Provided records: Begin

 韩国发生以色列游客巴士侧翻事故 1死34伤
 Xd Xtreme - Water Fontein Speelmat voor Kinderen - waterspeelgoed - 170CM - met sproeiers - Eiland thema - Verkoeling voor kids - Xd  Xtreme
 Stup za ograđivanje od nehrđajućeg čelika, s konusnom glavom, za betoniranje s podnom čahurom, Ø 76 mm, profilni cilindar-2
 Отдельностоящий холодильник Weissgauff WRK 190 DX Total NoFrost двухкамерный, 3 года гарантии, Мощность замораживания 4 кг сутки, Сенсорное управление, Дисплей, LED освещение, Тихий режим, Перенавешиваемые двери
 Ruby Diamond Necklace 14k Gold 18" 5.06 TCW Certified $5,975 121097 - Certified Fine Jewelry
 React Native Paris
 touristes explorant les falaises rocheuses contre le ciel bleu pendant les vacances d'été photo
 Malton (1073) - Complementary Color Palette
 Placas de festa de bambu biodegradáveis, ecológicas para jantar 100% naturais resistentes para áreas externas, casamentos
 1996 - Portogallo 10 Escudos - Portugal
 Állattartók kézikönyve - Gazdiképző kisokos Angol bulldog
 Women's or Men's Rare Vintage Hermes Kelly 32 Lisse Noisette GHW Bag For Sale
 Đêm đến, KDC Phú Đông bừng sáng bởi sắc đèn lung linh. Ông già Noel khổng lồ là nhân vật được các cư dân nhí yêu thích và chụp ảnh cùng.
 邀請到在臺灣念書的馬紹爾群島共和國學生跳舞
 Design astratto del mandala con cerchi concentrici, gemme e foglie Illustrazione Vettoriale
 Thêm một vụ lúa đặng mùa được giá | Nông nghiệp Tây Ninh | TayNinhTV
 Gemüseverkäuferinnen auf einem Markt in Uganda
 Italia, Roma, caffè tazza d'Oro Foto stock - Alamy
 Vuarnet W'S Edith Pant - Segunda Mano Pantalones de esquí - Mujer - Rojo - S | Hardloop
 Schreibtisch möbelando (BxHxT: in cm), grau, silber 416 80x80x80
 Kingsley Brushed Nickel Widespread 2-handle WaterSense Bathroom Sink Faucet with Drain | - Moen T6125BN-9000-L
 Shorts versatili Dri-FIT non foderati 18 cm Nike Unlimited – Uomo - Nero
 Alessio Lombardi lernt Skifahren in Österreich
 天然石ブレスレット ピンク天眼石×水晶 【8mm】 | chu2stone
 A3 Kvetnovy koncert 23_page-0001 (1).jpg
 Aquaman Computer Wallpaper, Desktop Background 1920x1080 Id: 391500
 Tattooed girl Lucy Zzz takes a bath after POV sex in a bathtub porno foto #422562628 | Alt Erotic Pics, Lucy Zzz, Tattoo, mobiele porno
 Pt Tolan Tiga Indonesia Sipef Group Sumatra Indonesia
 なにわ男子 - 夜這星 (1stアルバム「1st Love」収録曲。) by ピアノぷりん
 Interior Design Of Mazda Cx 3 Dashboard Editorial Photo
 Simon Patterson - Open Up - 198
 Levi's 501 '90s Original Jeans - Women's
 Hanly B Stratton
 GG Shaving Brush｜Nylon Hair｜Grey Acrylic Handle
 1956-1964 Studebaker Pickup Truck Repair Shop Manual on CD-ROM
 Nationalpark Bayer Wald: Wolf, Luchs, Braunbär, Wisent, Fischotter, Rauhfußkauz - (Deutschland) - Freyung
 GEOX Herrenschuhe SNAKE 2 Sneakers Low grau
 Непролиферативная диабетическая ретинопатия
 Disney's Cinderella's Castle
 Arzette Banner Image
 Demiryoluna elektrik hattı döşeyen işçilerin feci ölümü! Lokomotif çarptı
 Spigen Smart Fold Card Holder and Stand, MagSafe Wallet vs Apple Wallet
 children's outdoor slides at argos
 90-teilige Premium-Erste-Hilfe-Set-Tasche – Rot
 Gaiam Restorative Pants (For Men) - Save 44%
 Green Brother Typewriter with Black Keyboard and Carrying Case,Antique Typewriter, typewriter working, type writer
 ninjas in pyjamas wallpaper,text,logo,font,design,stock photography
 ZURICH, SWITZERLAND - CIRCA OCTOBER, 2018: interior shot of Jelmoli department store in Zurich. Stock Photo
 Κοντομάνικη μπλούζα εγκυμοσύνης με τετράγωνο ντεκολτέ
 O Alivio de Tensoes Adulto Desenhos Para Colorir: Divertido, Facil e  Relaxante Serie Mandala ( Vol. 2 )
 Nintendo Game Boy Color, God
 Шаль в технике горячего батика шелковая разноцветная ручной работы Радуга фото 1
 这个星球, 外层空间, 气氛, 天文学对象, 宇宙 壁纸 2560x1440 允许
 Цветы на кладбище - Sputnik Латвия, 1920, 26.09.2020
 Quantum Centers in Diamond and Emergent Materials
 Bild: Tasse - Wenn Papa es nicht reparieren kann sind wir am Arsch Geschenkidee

Provided records: End

**What the task asks:** Exactly as written above, please repeat the entries.

**Solution below:**
 韩国发生以色列游客巴士侧翻事故 1死34伤
 Xd Xtreme - Water Fontein Speelmat voor Kinderen - waterspeelgoed - 170CM - met sproeiers - Eiland thema - Verkoeling voor kids - Xd  Xtreme
 Stup za ograđivanje od nehrđajućeg čelika, s konusnom glavom, za betoniranje s podnom čahurom, Ø 76 mm, profilni cilindar-2
 Отдельностоящий холодильник Weissgauff WRK 190 DX Total NoFrost двухкамерный, 3 года гарантии, Мощность замораживания 4 кг сутки, Сенсорное управление, Дисплей, LED освещение, Тихий режим, Перенавешиваемые двери
 Ruby Diamond Necklace 14k Gold 18" 5.06 TCW Certified $5,975 121097 - Certified Fine Jewelry
 React Native Paris
 touristes explorant les falaises rocheuses contre le ciel bleu pendant les vacances d'été photo
 Malton (1073) - Complementary Color Palette
 Placas de festa de bambu biodegradáveis, ecológicas para jantar 100% naturais resistentes para áreas externas, casamentos
 1996 - Portogallo 10 Escudos - Portugal
 Állattartók kézikönyve - Gazdiképző kisokos Angol bulldog
 Women's or Men's Rare Vintage Hermes Kelly 32 Lisse Noisette GHW Bag For Sale
 Đêm đến, KDC Phú Đông bừng sáng bởi sắc đèn lung linh. Ông già Noel khổng lồ là nhân vật được các cư dân nhí yêu thích và chụp ảnh cùng.
 邀請到在臺灣念書的馬紹爾群島共和國學生跳舞
 Design astratto del mandala con cerchi concentrici, gemme e foglie Illustrazione Vettoriale
 Thêm một vụ lúa đặng mùa được giá | Nông nghiệp Tây Ninh | TayNinhTV
 Gemüseverkäuferinnen auf einem Markt in Uganda
 Italia, Roma, caffè tazza d'Oro Foto stock - Alamy
 Vuarnet W'S Edith Pant - Segunda Mano Pantalones de esquí - Mujer - Rojo - S | Hardloop
 Schreibtisch möbelando (BxHxT: in cm), grau, silber 416 80x80x80
 Kingsley Brushed Nickel Widespread 2-handle WaterSense Bathroom Sink Faucet with Drain | - Moen T6125BN-9000-L
 Shorts versatili Dri-FIT non foderati 18 cm Nike Unlimited – Uomo - Nero
 Alessio Lombardi lernt Skifahren in Österreich
 天然石ブレスレット ピンク天眼石×水晶 【8mm】 | chu2stone
 A3 Kvetnovy koncert 23_page-0001 (1).jpg
 Aquaman Computer Wallpaper, Desktop Background 1920x1080 Id: 391500
 Tattooed girl Lucy Zzz takes a bath after POV sex in a bathtub porno foto #422562628 | Alt Erotic Pics, Lucy Zzz, Tattoo, mobiele porno
 Pt Tolan Tiga Indonesia Sipef Group Sumatra Indonesia
 なにわ男子 - 夜這星 (1stアルバム「1st Love」収録曲。) by ピアノぷりん
 Interior Design Of Mazda Cx 3 Dashboard Editorial Photo
 Simon Patterson - Open Up - 198
 Levi's 501 '90s Original Jeans - Women's
 Hanly B Stratton
 GG Shaving Brush｜Nylon Hair｜Grey Acrylic Handle
 1956-1964 Studebaker Pickup Truck Repair Shop Manual on CD-ROM
 Nationalpark Bayer Wald: Wolf, Luchs, Braunbär, Wisent, Fischotter, Rauhfußkauz - (Deutschland) - Freyung
 GEOX Herrenschuhe SNAKE 2 Sneakers Low grau
 Непролиферативная диабетическая ретинопатия
 Disney's Cinderella's Castle
 Arzette Banner Image
 Demiryoluna elektrik hattı döşeyen işçilerin feci ölümü! Lokomotif çarptı
 Spigen Smart Fold Card Holder and Stand, MagSafe Wallet vs Apple Wallet
 children's outdoor slides at argos
 90-teilige Premium-Erste-Hilfe-Set-Tasche – Rot
 Gaiam Restorative Pants (For Men) - Save 44%
 Green Brother Typewriter with Black Keyboard and Carrying Case,Antique Typewriter, typewriter working, type writer
 ninjas in pyjamas wallpaper,text,logo,font,design,stock photography
 ZURICH, SWITZERLAND - CIRCA OCTOBER, 2018: interior shot of Jelmoli department store in Zurich. Stock Photo
 Κοντομάνικη μπλούζα εγκυμοσύνης με τετράγωνο ντεκολτέ
 O Alivio de Tensoes Adulto Desenhos Para Colorir: Divertido, Facil e  Relaxante Serie Mandala ( Vol. 2 )
 Nintendo Game Boy Color, God
 Шаль в технике горячего батика шелковая разноцветная ручной работы Радуга фото 1
 这个星球, 外层空间, 气氛, 天文学对象, 宇宙 壁纸 2560x1440 允许
 Цветы на кладбище - Sputnik Латвия, 1920, 26.09.2020
 Quantum Centers in Diamond and Emergent Materials
 Bild: Tasse - Wenn Papa es nicht reparieren kann sind wir am Arsch Geschenkidee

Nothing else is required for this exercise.